E a este propósito, uma pergunta se impõe. Que tropas viriam engrossar, ou substituir as tropas da

CEDEAO?

Porque uma coisa é certa. Depois das investidas algo inopinadas, e até em algumas ocasiões brutalmente

ofensivas que a CPLP ainda mantém contra as autoridades de transição, as tropas de Cabo Verde, de

Angola, de Portugal, de São Tomé, de Moçambique, do Brasil e de Timor, nunca seriam bem-vindas.

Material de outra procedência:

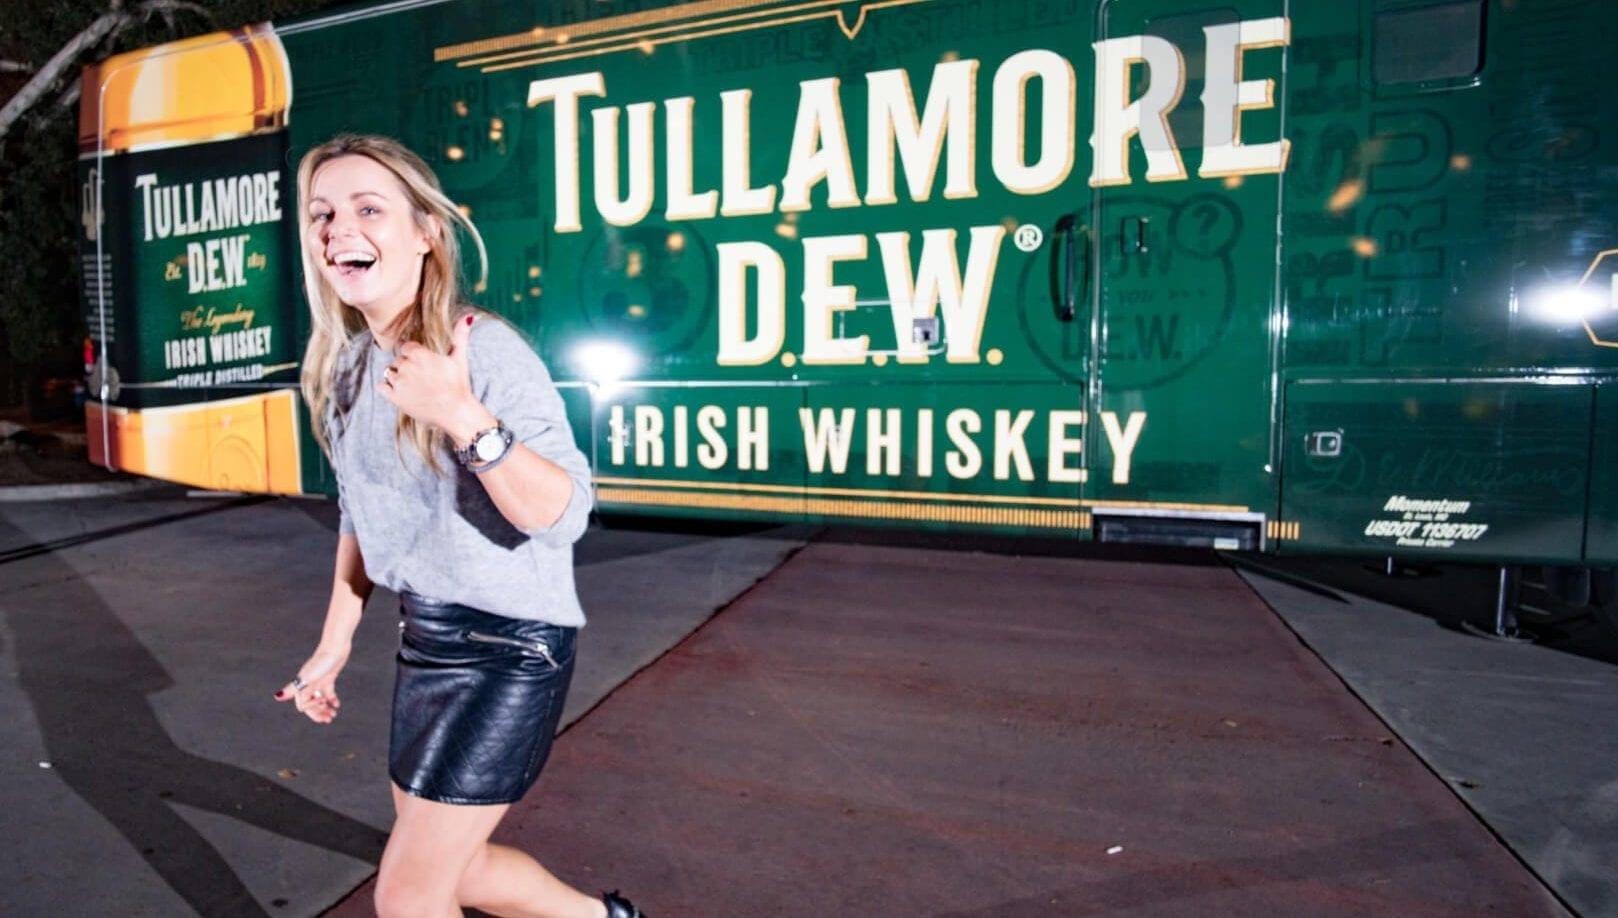 D.E.W. & A Brew Tour - Asbury Park

Começa-se desde logo, a entender os contornos inconfessos desta grande trapaça de Portugal, da CPLP e

dos seus comparsas, que não passa de uma verdade da mentira, porque só deste modo conseguiriam

reintroduzir na cena política, os indesejáveis governantes depostos, quais moços de recado, para

continuarem a perseguir os objetivos traçados, que é chegar ao poder, e assim facilmente manipular os

governantes sob sua influência, para assim ter o domínio sobre os nossos recursos. Coisa que os angolanos

nunca lhes permitiram.

Não tenhamos ilusões, a batalha desnecessária, forjada, seja por algum amadorismo diplomático, seja por

algumas conveniências que ainda militam a favor das autoridades depostas, que se travou em Nova Iorque,

e que por um esquema ainda por explicar, se pretende que se continue a travar em Adis Abeba, tem por

detrás uma explicação clara de que se está a assistir a uma guerrilha sem tréguas de interesses organizados,

tendo como pano de fundo, a luta geoestratégica, de quem deve, ou poderá ficar com o poder de influência

no processo de decisão no futuro na Guiné-Bissau.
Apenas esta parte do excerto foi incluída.